Agonist binding and affinity state transitions in reconstituted nicotinic acetylcholine receptors revealed by single and sequential mixing stopped-flow fluorescence spectroscopies.

The affinity state of nicotinic acetylcholine receptors (nAcChoRs) reconstituted into either dioleoylphosphatidylcholine (DOPC) or a mixture of dioleoylphosphatidylcholine, dioleoylphosphatidic acid, and cholesterol (DOPC/DOPA/cholesterol) has been determined using single and sequential mixing stopped-flow fluorescence spectroscopies. These techniques have millisecond temporal resolution, permitting low- and high-affinity conformational states of the nAcChoR to be resolved following mixing with the fluorescent partial agonist Dns-C6-Cho from their characteristic Dns-C6-Cho dissociation rates.
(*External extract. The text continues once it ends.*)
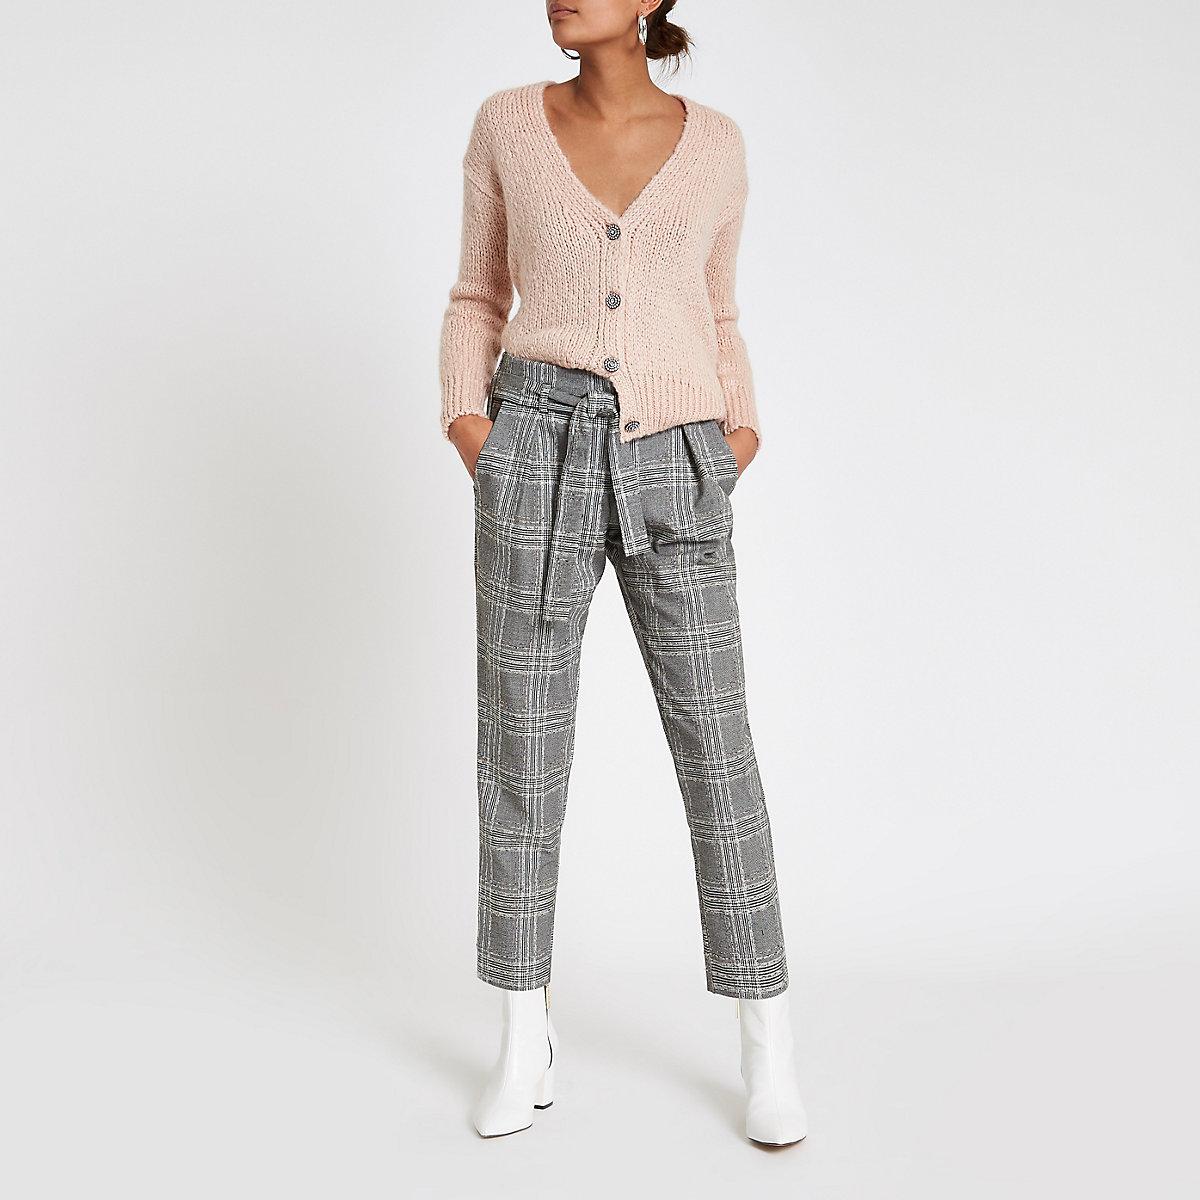 Pink rhinestone button knitted cardigan

Our studies reveal that prior to agonist-induced affinity state conversion, nAcChoRs reconstituted into either DOPC or DOPC/DOPA/cholesterol are predominantly in a conformational state that has a low affinity for agonist. Prolonged exposure to Dns-C6-Cho converts nearly all DOPC/DOPA/cholesterol-reconstituted nAcChoRs to the high-affinity state. In contrast, Dns-C6-Cho converts only half of all DOPC-reconstituted nAcChoRs to the high-affinity state. The other half persists in a low-affinity state characterized by a Kd for Dns-C6-Cho of 0.61+/-0.07 microM. This Kd is similar to that previously reported for Dns-C6-Cho binding to low-affinity, resting-state nAcChoRs in native membranes. However, affinity state conversion of DOPC-reconstituted nAcChoRs may be facilitated by re-reconstituting them into bilayers composed of DOPC/DOPA/cholesterol. These results indicate that the lipid bilayer composition modulates nAcChoR agonist-induced affinity state transitions.